I kind of mentioned this in the Hellbilly Deluxe scarezone thread, but it really feels like there's a tension this year between the old HHN and the new. Or maybe that that tension's been there for a while, but it's kind of coming to a head. And bear in mind I'm not really advocating for either/or! It's just something I've observed that's happening.
Like, old school HHN had a grime and sleaze about it. It was more squarely aimed at 20-somethings who would never go to MNSSHP: It emphasized sexy half-naked dancing of both sexes at Bill and Ted's, and it sloshed booze around left and right via jell-o shot nurses and full bars spread throughout the park, it embraced blaring heavy metal and later offputting dubstep, it had haunts full of dead bodies and squirty gore, it licensed z-grade slasher films full of torture scenes to line its houses. Heck, as recently as last year they had Chucky out making fun of guests via an insult comic.
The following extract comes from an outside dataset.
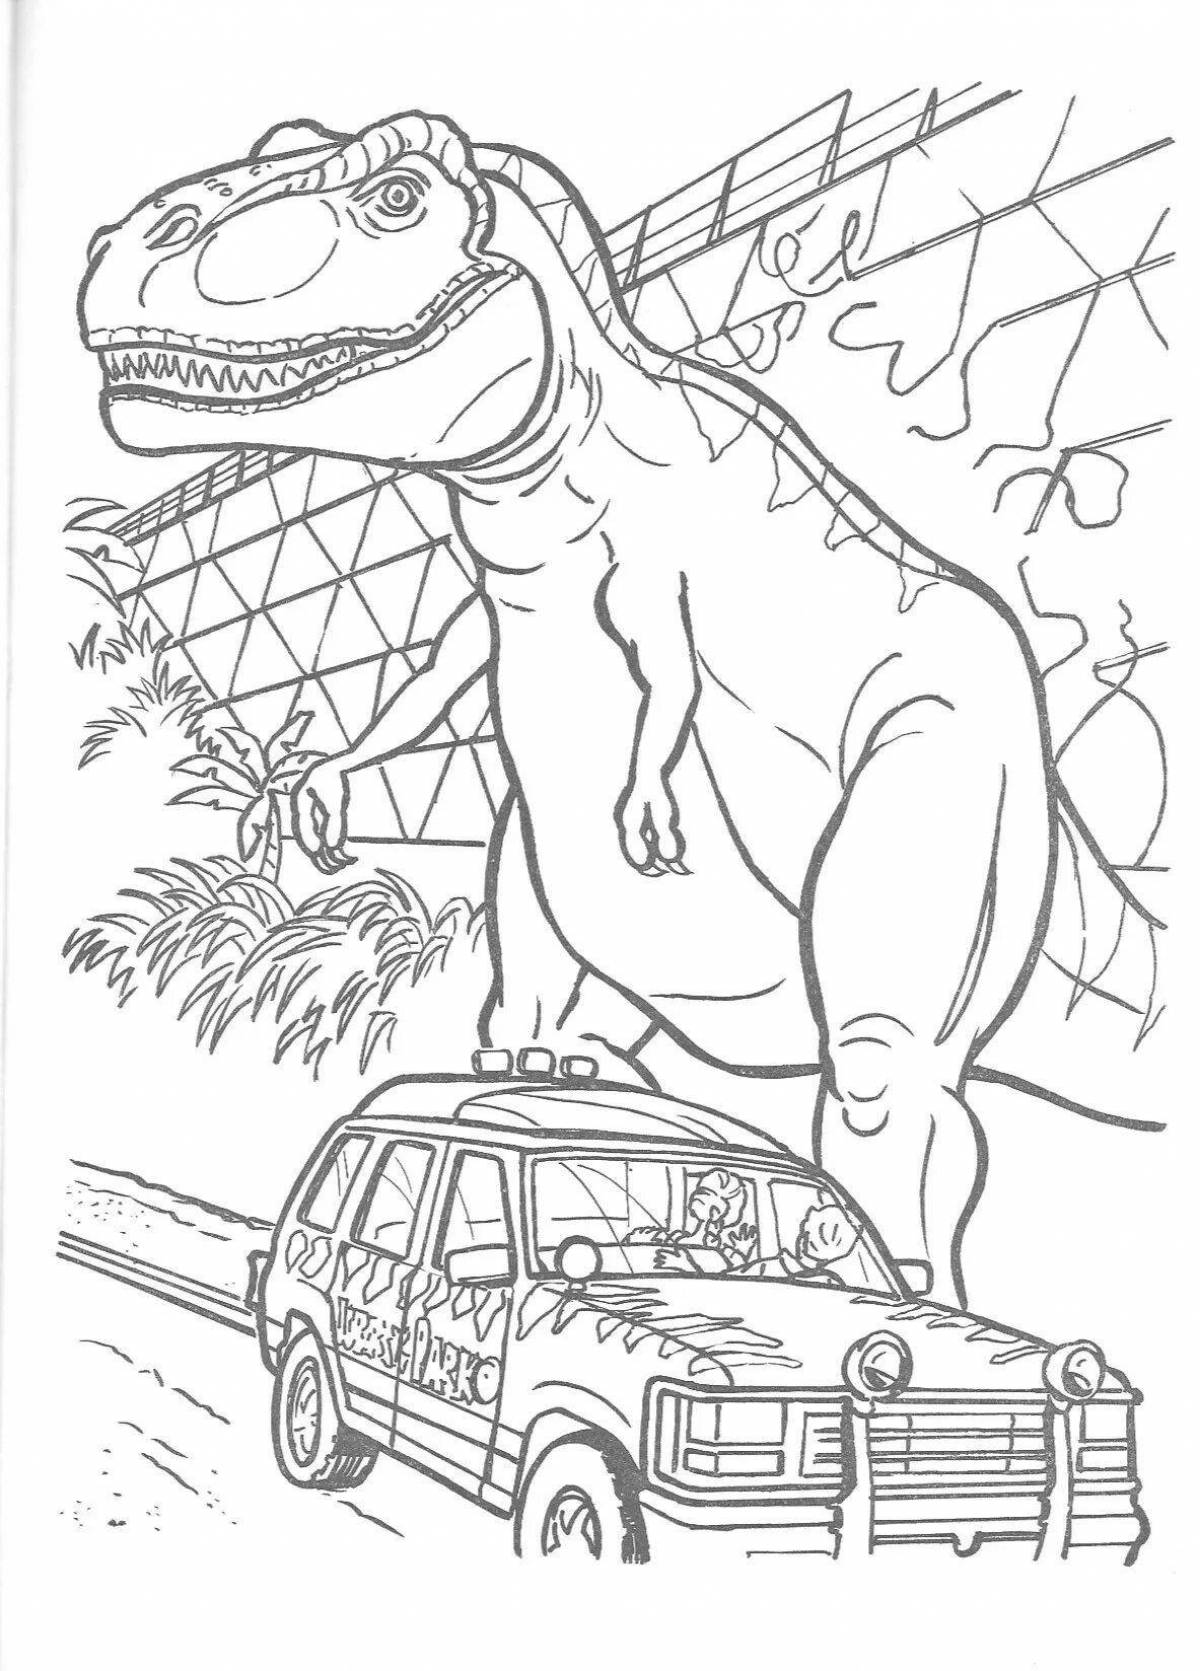 Generous Jurassic Park coloring book
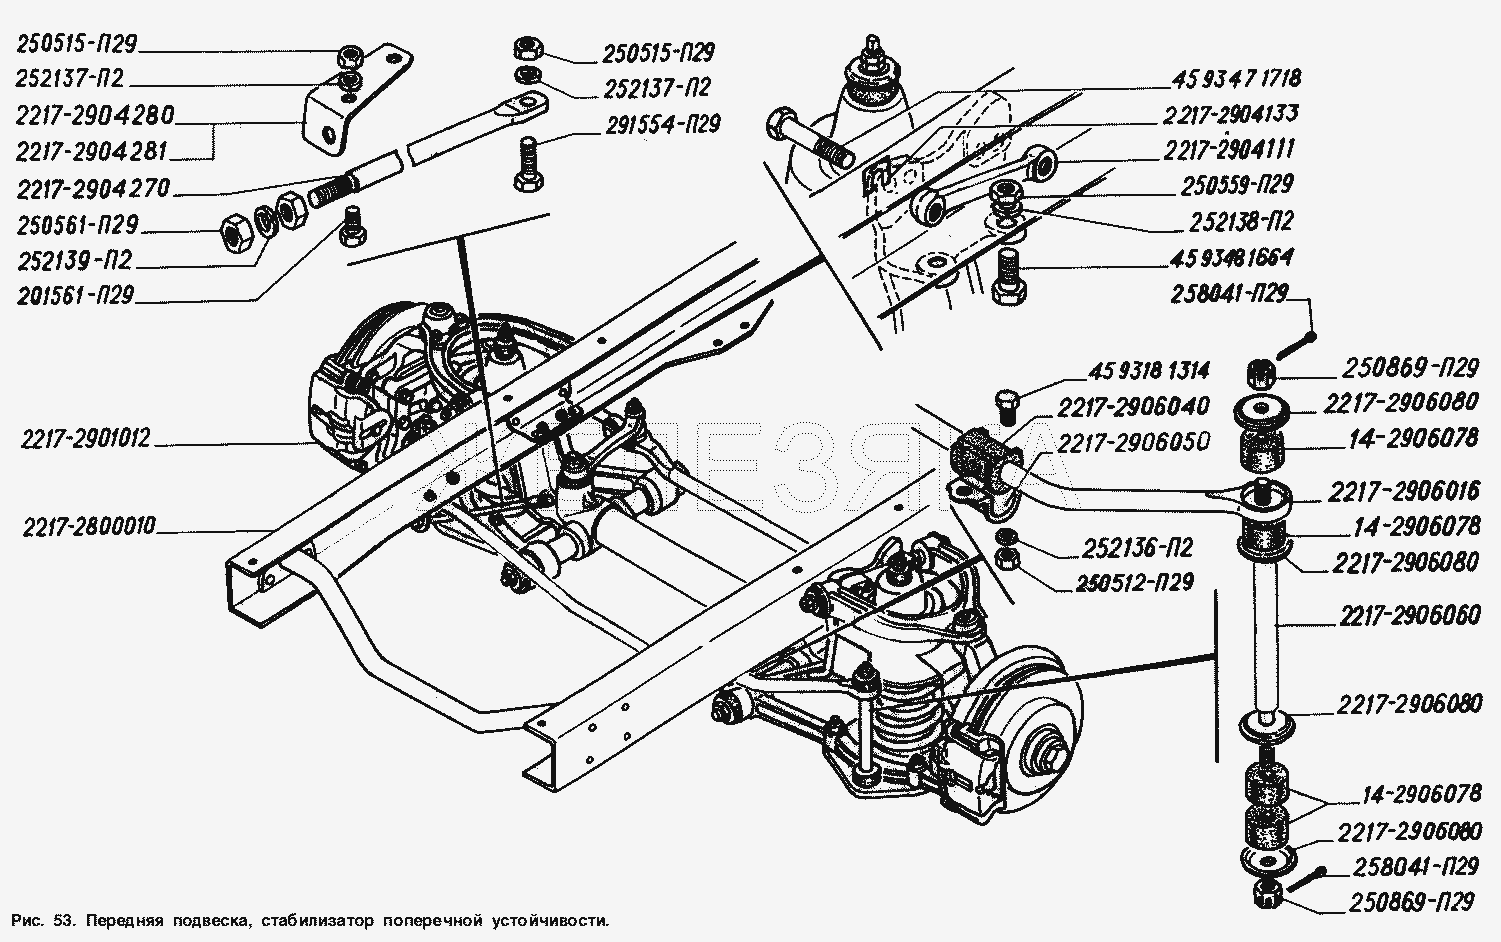 Передняя подвеска, стабилизатор поперечной устойчивости.  ГАЗ-2217 (Соболь)

But as time's gone on it feels like HHN has moved away from that. Again, this isn't a judgement call (I'm sure people will argue for the old or new ways just as fervently) but more just an observation. Increasingly it seems that HHN has aimed at a sort of PG-13 family friendly approach to horror. It's cleaner, with bigger and more accessible IPs and less exploitation-y baggage. It's less "sexy dancers and heavy metal" than "saleable monster iconography and electronica." Less "mosh pit" and more "Halloween party." Jell-o shot nurses got replaced with popcorn nurses, then disappeared altogether. Sexy dancing in Bill & Ted gave way to AOV (which is also amazingly awesome, but again, different). Blood-soaked slogans like "True Fear Comes from Within" and "All Jack'd Up" gave way to clean retro-styled slogans like "Maximum Screamage."
And again, there's pros and cons to this! A more family friendly, accessible event is *not* automatically a bad thing! Getting kids hooked on horror is good, having the event be a big success so they can dump more money into production values is good, casting a wider net so we get food options and specialty beverages and merch is all good! Making the event a big tent event is not automatically bad! But it is a _different_ thing than longtime fans are probably expecting because a big tent means shaving off a lot of the offputting b-horror edges some fans expect. And this year you can feel that divide *really* sharply, with various IP houses (namely Stranger Things, Ghostbusters, and Killer Klowns) getting the primary marketing and merch push and having a very different tone than the grimier bits of the event. You can see it in people complaining that Stranger Things or Ghostbusters are too not-scary, while other people insist a certain scene in Depths of Fear goes too far. Hellbilly Deluxe and HOTC start to stick out really awkwardly when other IP holders refuse to be associated with them. There is, in short, a friction between the new style and old style of stuff this year, and it's super apparent.
What I'm interested in, more than anything, is how Universal decides to solve this identity crisis - is HHN going to be the PG-13 Halloween party it's slowly becoming, or are they going to run out of accessible IPs to grab a big tent audience with and retreat to a more exploitation/grindhouse/horror focused patronage over time? Are they embracing a moment of cultural tension where horror has entered the pop culture lexicon (however temporarily) or is this a fundamentally new direction for the event?
Regardless, I don't think it's a "scary/not scary" divide. Both Stranger Things and Ghostbusters as houses have plenty of jumps. The question is really the tone of the house and the content surrounding the jumps - is it enough for a house to be scary by having a Ghostbuster jump out and say a line from a movie, or do you need a dark room coated in gore and blood that has a monster come out and scream to make that same jump "scary?"